Air Canada (TSX:AC) has slumped 16% in over two weeks since the Russia-Ukraine war broke out. If you think the pandemic changed the world for airlines, see what the war is doing to the industry.
The war has changed the world for airlines
In March 2020, Warren Buffett said that the world has changed for airlines. But Air Canada survived the biggest crisis the airline industry had yet faced. The war has created new problems, one more expensive than the other, and Air Canada’s exposure is unknown.
Airline sanctions on Russia
When the war broke out, Canada, the U.S., the U.K., and the European Union (what I’ll call “western countries”) cancelled air leases and stopped plane makers, maintenance providers, and airlines from operating Russian flights or flying over Russia. They also banned Russian planes from their airspace. In response, Russia banned foreign aircraft from leaving the country. These sanctions have left 500 foreign planes, worth US$12-US$15 billion stranded in Russia.
With the SWIFT sanctions, leasing companies can’t even take their payments. And with the sanctions extended to insurers and reinsurers, it is unclear whether the companies can get reimbursed for their losses.
Moreover, it is a huge risk to get those planes back. Analysts and industry experts are concerned that the Russian government might nationalize those planes and use them for domestic flights. Or they might use them for spare parts when they fall short. And if the planes are returned in good condition, there would be too many planes once again, which could reduce global plane rental prices. The global aircraft and leasing industry could be up for another write-down.
But this is just the problem with the fleet. These sanctions are also impacting airline operations.
Re-routing North America to Asia
Russia is a strategically important country. Many international flights fly over Russian airspace as the distance is short and have fewer headwinds. But the sanction on Russian airspace means Air Canada has to re-route its flights to many Asian destinations, including India, China, and Japan.

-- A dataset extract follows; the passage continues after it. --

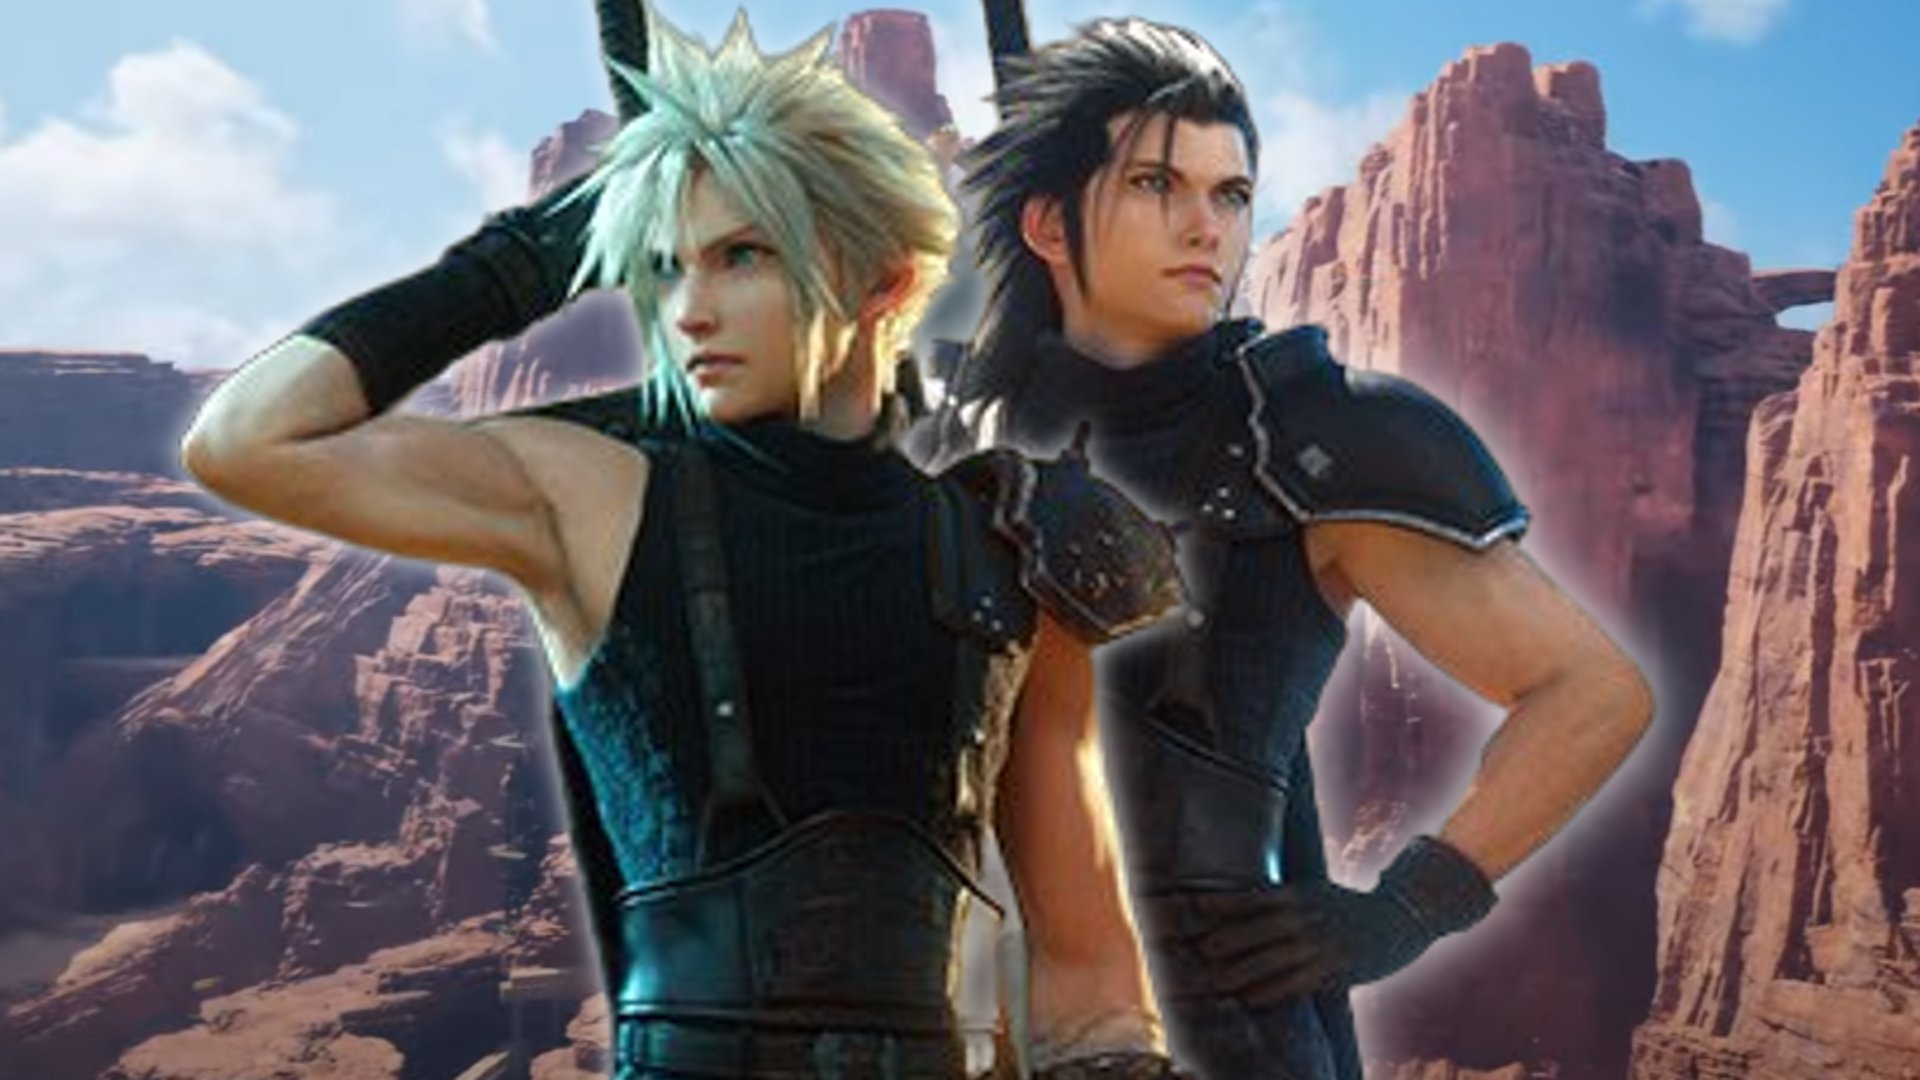 How Long FFVII Rebirth Takes to Beat, According to Square Enix

AC earns 26%-30% of its revenue from flights to the Atlantic and the Pacific.
The re-routing will increase the distance, flight time, and fuel cost, making it an operational challenge. Airlines will have to crack their brains to get the most feasible routes. All this will increase the operational expense of airlines that are already running at huge losses. In 2021, AC reported a $3 billion operating loss on $6.4 billion revenue.
How long can Air Canada sustain over US$100/barrel oil price?

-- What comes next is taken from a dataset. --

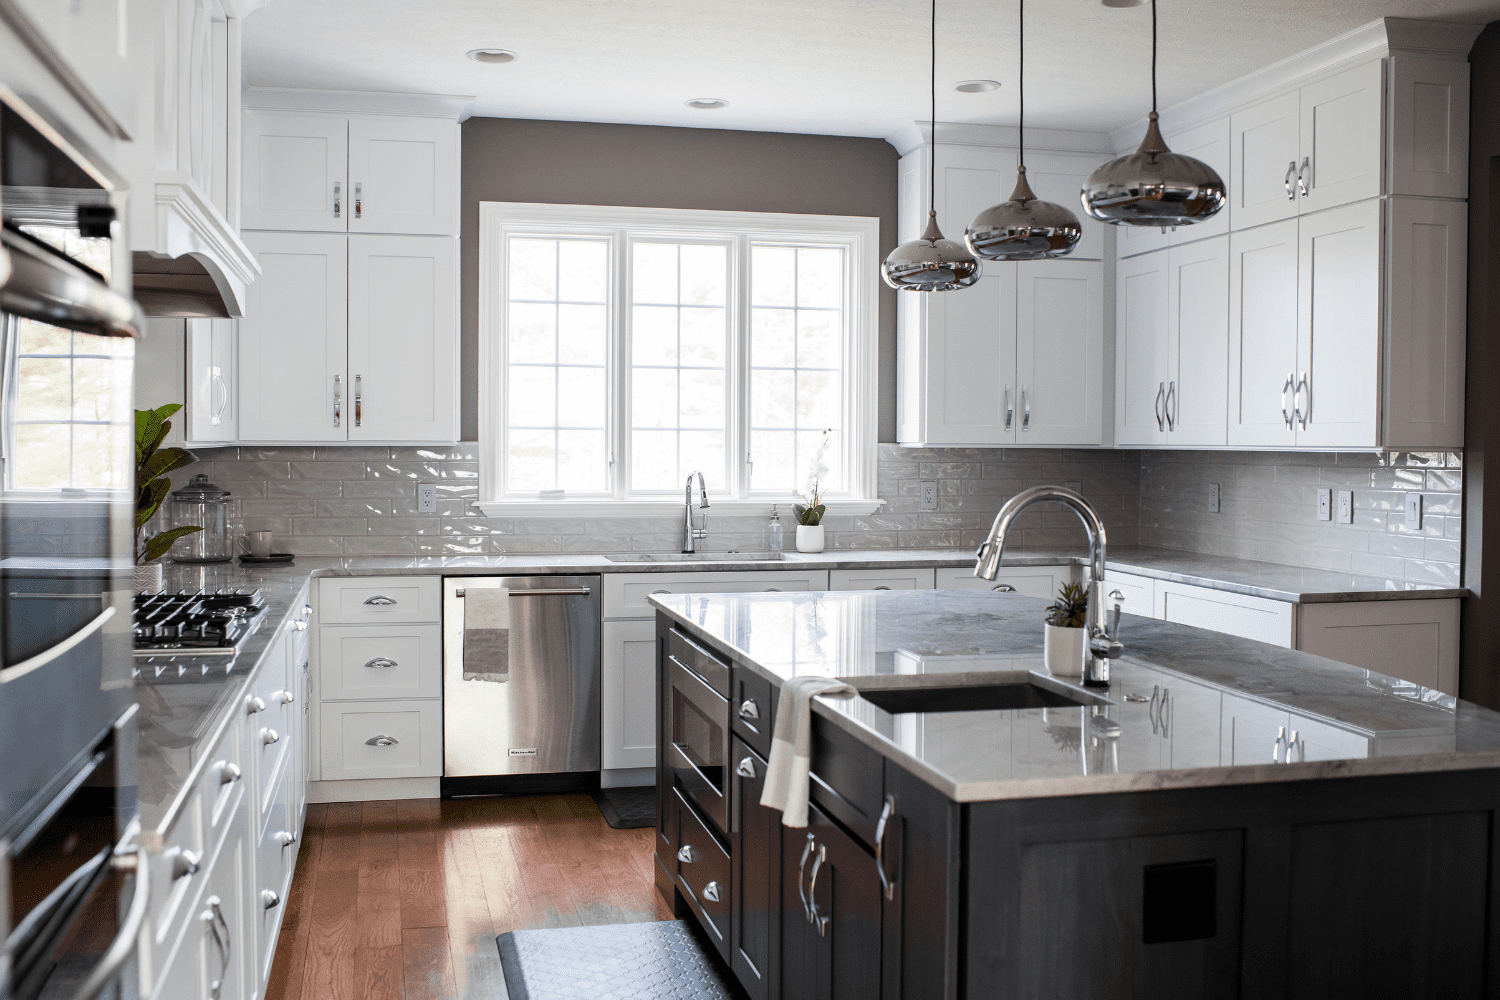 Nicholas Design Build | A kitchen with white cabinets and black counter tops.

If things couldn’t get worse, the oil price is at its 2014-high of US$102/barrel. It even reached US$126/barrel when western countries banned Russian oil. The oil price is rising as Russia is a major exporter of oil and natural gas. These sanctions put further pressure on the already tight oil supply. JP Morgan analysts estimate the oil price could go to US$175/barrel if the supply uncertainty prevails.

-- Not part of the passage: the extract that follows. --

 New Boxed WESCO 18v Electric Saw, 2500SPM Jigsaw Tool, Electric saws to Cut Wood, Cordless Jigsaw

High oil prices will eat up airline profits as fuel is the biggest expense, accounting for 20%-30% of their operating expenses. One good thing during the pandemic crisis was record-low oil prices. But even that benefit is gone. Moreover, air travel demand could also take a hit.
Air travel demand
Western countries are grappling with 30-year high inflation, leaving little disposable income in the hands of consumers to spend on leisure. After the pandemic, it was leisure travellers that were driving travel demand. High inflation could affect the demand for both international and domestic leisure travel.
While domestic flights could still see demand, long-haul international travel could see a dip. In a war situation, travellers might be reluctant to leave Canadian boundaries and take an international trip. One hope (international legal travel) on which AC was hinging its recovery is now in the doldrums. All this could put AC revenue back into decline.
How is the war affecting airlines?
The impact of war is grave on the airline industry, which has not yet recovered from the pandemic fallout. Unlike the pandemic, the industry-level changes would be longer than three to five years. AC is not a stock to buy at any dip. I would suggest selling the stock while you still can.